66th Infantry Division Soldier Bring Back Russian Soviet Red Army Wrist Compass

66th Infantry Division Soldier Bring Back Russian Soviet Red Army Wrist Compass

164.99

A Russian military wrist compass which is dated 1940 on the bottom. Inside the case it has the words “MACTEPCKNE Ay PKKA”. PKKA is the Russian abbreviation for The Red Army. The compass shows lots of wear during its time and is not in working order, however is in reasonably good condition. There has been something removed from the side of the case (possibly a small hinge for a cover to protect the glass. The compass has a glass face & a silvered brass body. The base appears to be made from a Bakelite type material. The compass measures approximately 50cm in diameter. This ‘Russian Soviet Red Army Soldier's Wrist Compass’ was brought back by a veteran of the 66th Infantry Division during WWII by the name of John I. Binns (35765568).

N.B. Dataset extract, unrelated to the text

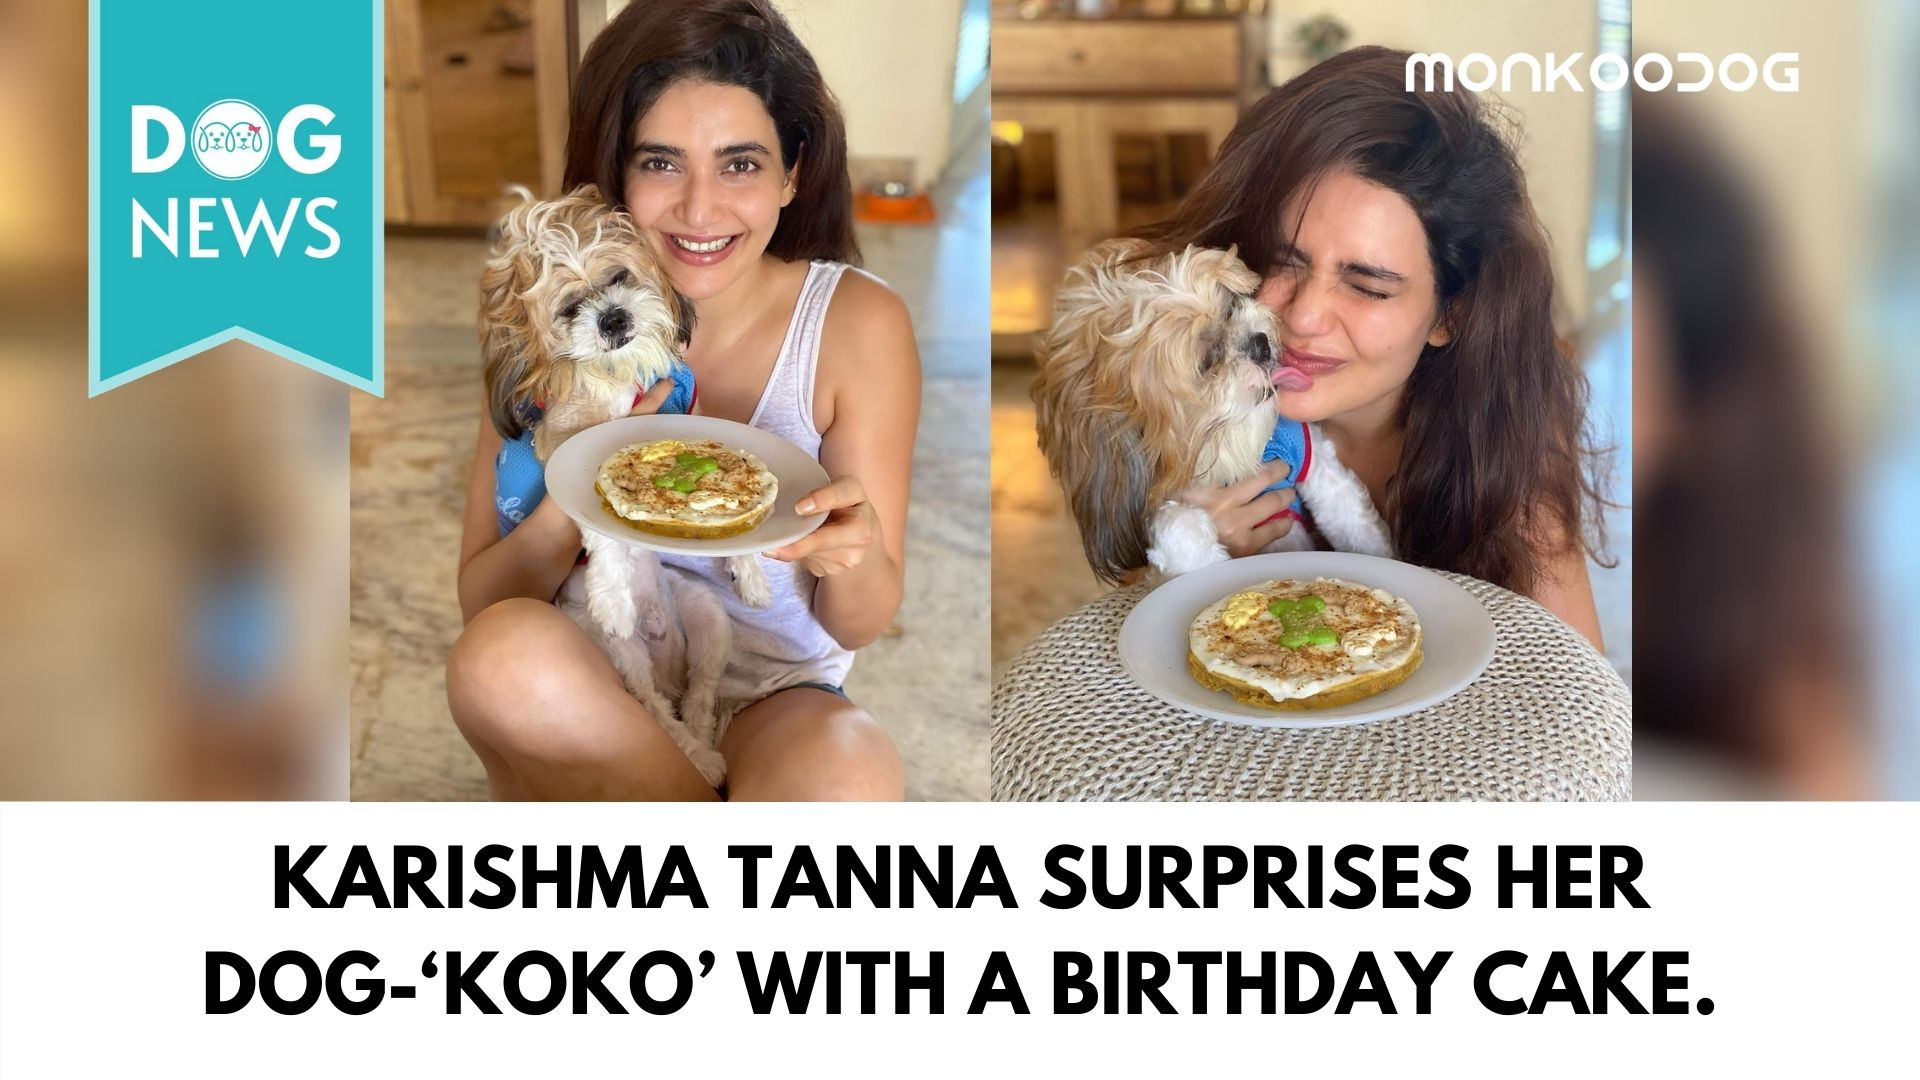 Karishma Tanna surprises her cute little dog-'koko' with a yummy cake on his birthday.

History of the 66th Infantry Division:

Activated 15 April 1943, the division trained at Camp Blanding, Florida, and was later transferred to Camp Robinson, Arkansas and then later to Camp Rucker, Alabama before being shipped overseas to England on 26 November 1944. They trained and prepared for deployment until 24 December 1944, then transferred to Southampton before crossing the English Channel to Cherbourg, France. Two Belgian transport vessels, the Cheshire and Leopoldville carried the 66th across the English Channel. However, only 5 miles from the port of Cherbourg, the Leopoldville was torpedoed by a German U-Boat and sunk, taking the lives of 14 officers and 748 enlisted soldiers. The U.S. Navy later announced the sinking of the Leopoldville to be the second-largest loss of life from the sinking of a troop transport ship in the entire European Theater.

Primarily involved with destroying the German troops left behind by the retreat from Northern France, the 66th Infantry Division relieved the 94th Infantry Division of control of the Brittany-Loire area on 29 December 1944, and collaborated with French forces as well. The 66th carried out its objective by harassing German installations, limited objective attacks, and running reconnaissance missions to gather intelligence. The use of artillery shelling many German positions also played a major part in the advancement of the 66th through the region. In total, there were about 100,000 German soldiers that remained in the ports of Lorient, St. Nazaire, Bordeaux and La Rochelle. Notably, a heavy German attack near La Croix was repulsed on 16 April 1945 and several strongly fortified enemy positions were taken from 19 to 29 April 1945 in a series of counterattacks. These battles played a pivotal role in ending the Nazi occupation of Northern France. The remaining German soldiers surrendered to 66th Infantry Division officers and French officials in a small cafe near Cordemais on 8 May 1945.

Ordered to change to an occupational-oriented mission 14 May 1945, the 66th made a 700-mile trek into Germany where the Black Panthers occupied 2400 square miles of territory and the city of Koblenz. As a security force, the division was charged with establishment of a military government and control of all German affairs. Tasks included the dischargement of prisoners of war, inventorying of ammunition and supplies, and organizing civilians. After spending time in Germany, the 66th returned to the French coast to aid with the allied withdrawal from the European Theater. During this time, the division was changed by the beginning of the inactivation process, until it returned to the U.S. and formally inactivated, sailing for home 27 October 1945.